Hal+JSON IS Hypermedia

But what's cool is that we've adopted this HAL JSON. This is something that's built on top of JSON: it starts with the JSON structure and then adds extra rules about where links should live. So when you talk about JSON, that's a media format. But when you talk about HAL, that's a hypermedia format, because it's spec tells you that links live below _links.

So that's really it: hypermedia is just a way to say: I have a structure that returns links, and there are rules about where those links live.

Advertising your Hypermedia Type (Content-Type Header)

As soon as you adopt a hypermedia format, instead of returning a Content-Type of application/json, you can return a Content-Type of something different, like application/hal+json.

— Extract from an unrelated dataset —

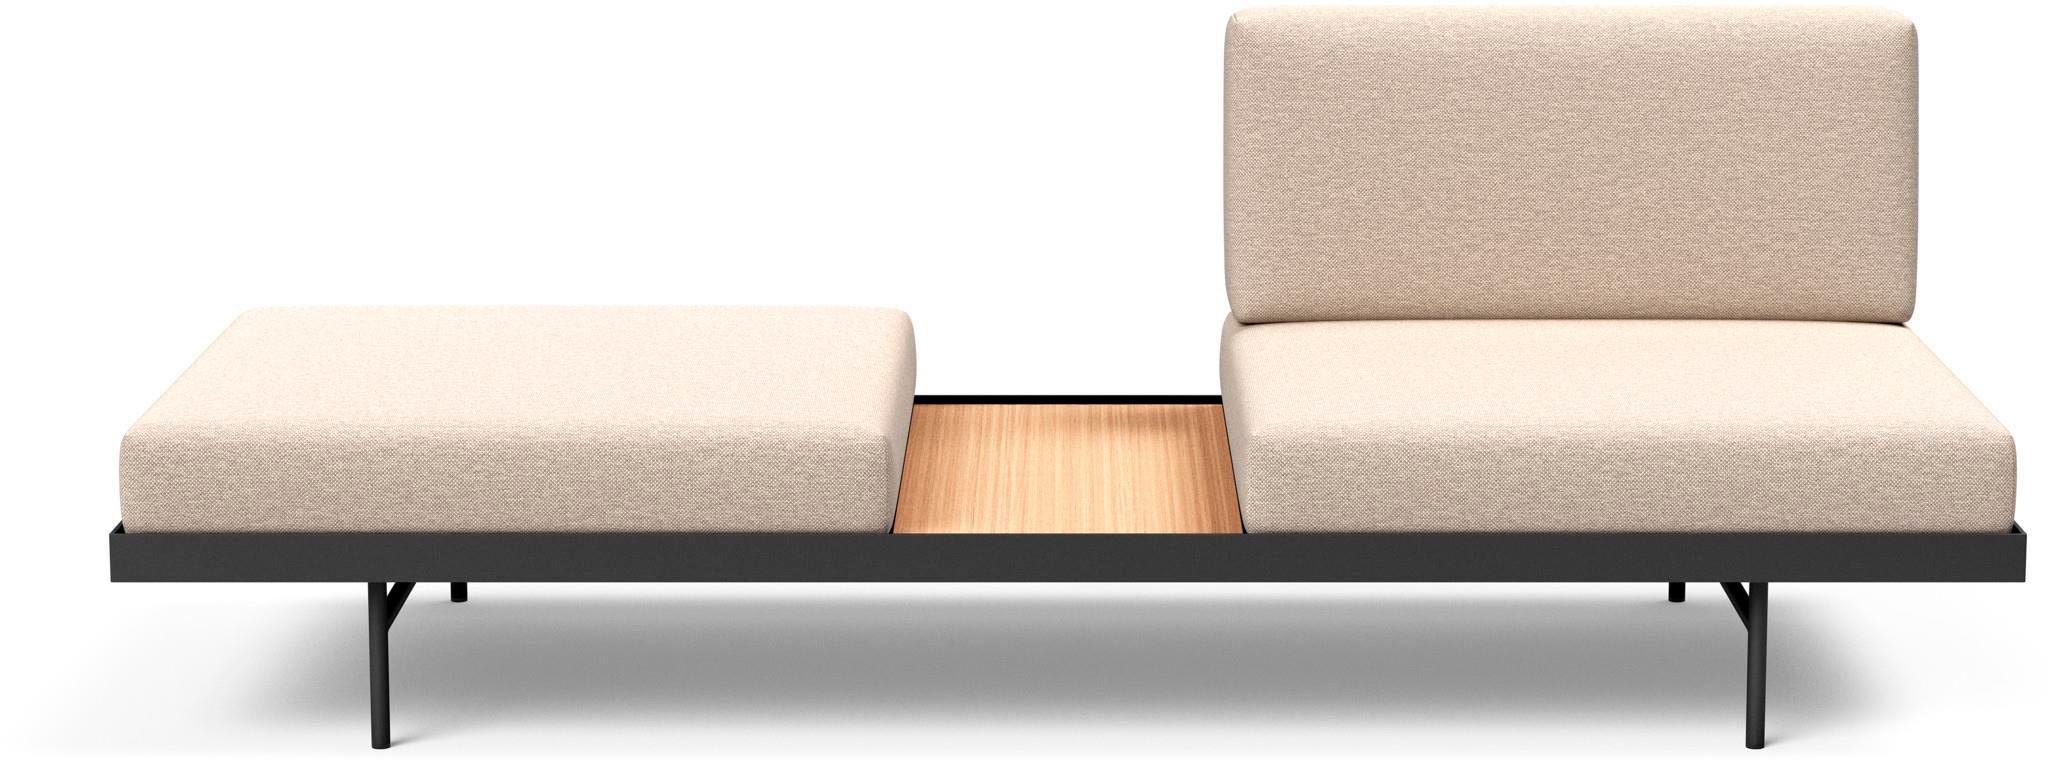 INNOVATION LIVING ™ Relaxliege »PURI«, Daybed mit integrierter Holzablage, flexible Aufteilung

At the bottom of this page, there's an example of what a response looks like:

HTTP/1.1 201 Created
Content-Type: application/hal+json
Location: http://example.org/api/user/matthew

{
    ...
}

And you can see that the response comes back with a Content-Type of application/hal+json. This is a signal to the client that the response has a JSON structure but has some additional semantic rules on top of it. What's awesome is that if we return this in our API and someone looks at that header, they're going to say:

"Oh, what's this application/hal+json format?".

If they haven't heard of it, they can Google it and read about the structure and say:

"oh, they're using a format where the links live in an `_links` key"

along with some other rules.

Globally Setting the Content-Type

Because we're already following HAL, returning this Content-Type header on all of our endpoints is an easy win. In battle.feature, let's add a new scenario line to test this. My editor isn't happy with my language here. If you can't remember your definitions, run behat with the -dl option:

php vendor/bin/behat -dl

I'll grep this for header because I know I have a definition. Ah, and my language is slightly off. And now PHPStorm is very happy:

36 lines | features/api/battle.feature
// ... lines 1 - 25
Scenario: GET one battle
// ... lines 27 - 29
When I request "GET /api/battles/%battles.last.id%"
Then the response status code should be 200
// ... lines 32 - 34
And the "Content-Type" header should be "application/hal+json"

Oh, and we actually want to look for application/hal+json. I'll run the test first, and it's failing:

php vendor/bin/behat features/api/battle.feature:26

Remember, this is served from BattleController, so let's go back there. And all of our endpoints call this same createApiResponse method:

// ... lines 1 - 52
public function showAction($id)
{
$battle = $this->getBattleRepository()->find($id);
// ... lines 56 - 59
$response = $this->createApiResponse($battle, 200);
return $response;
}
// ... lines 64 - 65

If we click into this, it opens up the BaseController and this is a method we created earlier. It uses the serializer then creates a Response. So let's just update that Content-Type header:

// ... lines 1 - 236
protected function createApiResponse($data, $statusCode = 200)
{
$json = $this->serialize($data);
return new Response($json, $statusCode, array(
'Content-Type' => 'application/hal+json'
));
}
// ... lines 245 - 301

Run the test, and it passes perfectly:

php vendor/bin/behat features/api/battle.feature:26

Now, API clients can see this header and know that we're using some extra rules on top of the JSON structure.